More than one entrepreneur has suddenly had a brainwave for a new business idea whilst sitting in the pub, talking to friends, or waiting in the morning commute. Often, the most surprising and creative ideas come when people least expect it – but how do you translate your brainwave into a viable business plan? It’s one thing coming up with a grand scheme to revolutionise a market, create an entire paradigm shift, or launch a slightly better version of a competitor product, but how do you go from beermat diagram to fully functional and operable business plan?
The first step lies in thinking through your ideas more thoroughly. Test them by carrying out market research. Double check first whether your idea is already out there or not. If it is, don’t lose heart. Is it IP or copyright protected? Can you produce something slightly better, that overtakes the existing offer?
You’ll then need to think about how you would develop your product or service and launch it to the market. Would you work from home around an existing job? Would you leave and launch into your new venture, working with overseas suppliers? Would you look for an investor and team to help create a small company from which to develop and launch your idea? These are crucial questions – organisational set up, funding, structure and delivery are critical. You’ll need to consider finances particularly carefully; do you have money in your savings to use, assets to mortgage against, or are you going to apply for funding or investment? Look at grants available for small businesses and look into business angel investment schemes if so.

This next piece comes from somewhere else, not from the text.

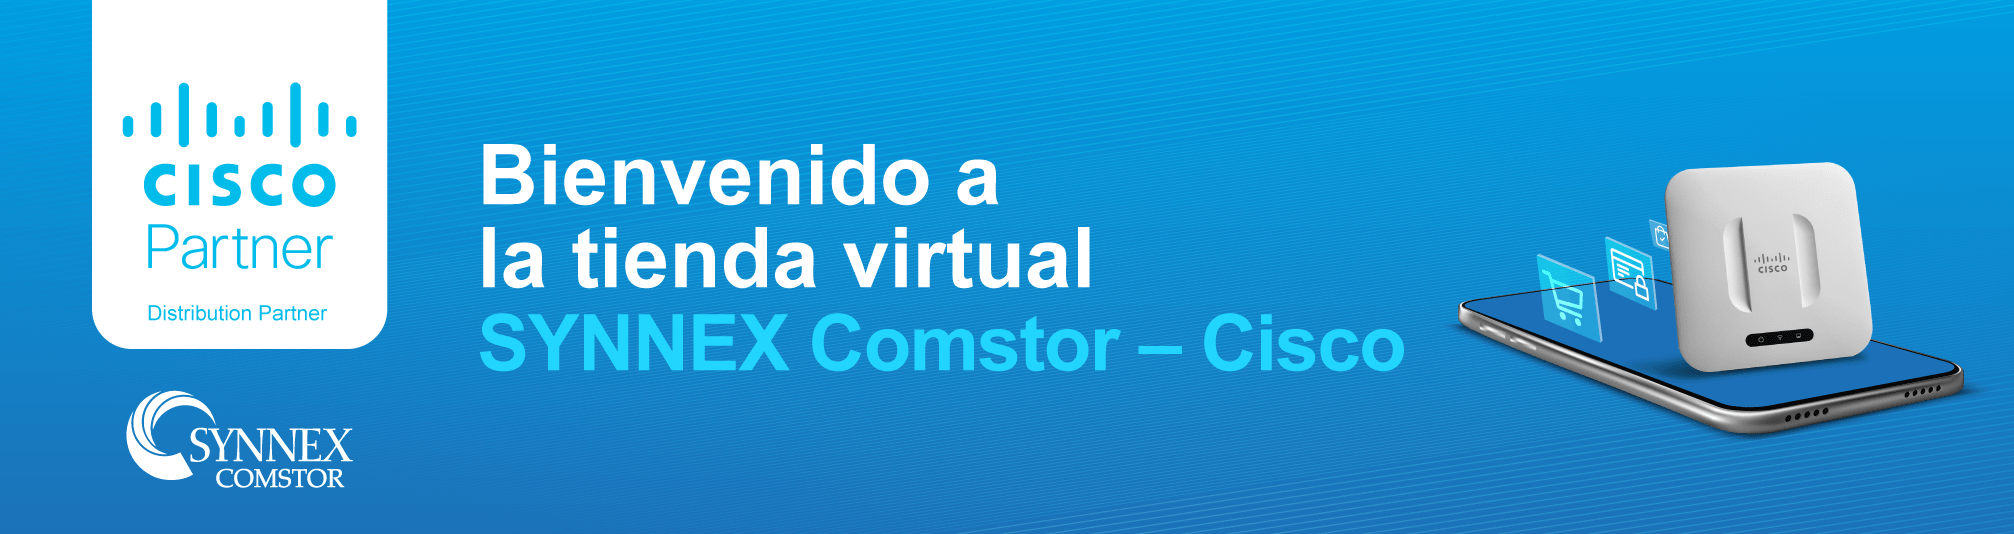 SYNNEX Comstor Express Colombia

Consider how you’ll take your product or service to market. Will it require innovation, physical development premises, product development processes, market testing, large rollout budgets, customer education? Or can you launch it with minimal outlay through existing channels and promote it through word of mouth and social media? Key questions such as these will challenge your business plan and develop it. At all stages, test your thinking and back it up with evidence.
It can be very useful to work with a business consultant when developing a business plan. Of course, you will be inundated with ‘free’ advice when you’re attempting to develop your business idea, but it’s important that you work with someone experienced and qualified enough to steer you in the right direction. You can do this by engaging the services of a consultant to work with you on a project basis, although this may be expensive. Alternatively, if you contact your local public-private funded business support organisation (there are many of these local economic partnerships around the UK), they will be able to advise on other services that may be suitable for your needs.
Those who can give qualified help for new business will include business angels for investment and guidance, mentoring for accessing the guidance of more experienced business people and coaching for people who need developing to a desired goal. Business advisors will also be able to give you guidance on services that might be of use, such as sales training, strategy planning courses, business to business networking events, coaching groups and more.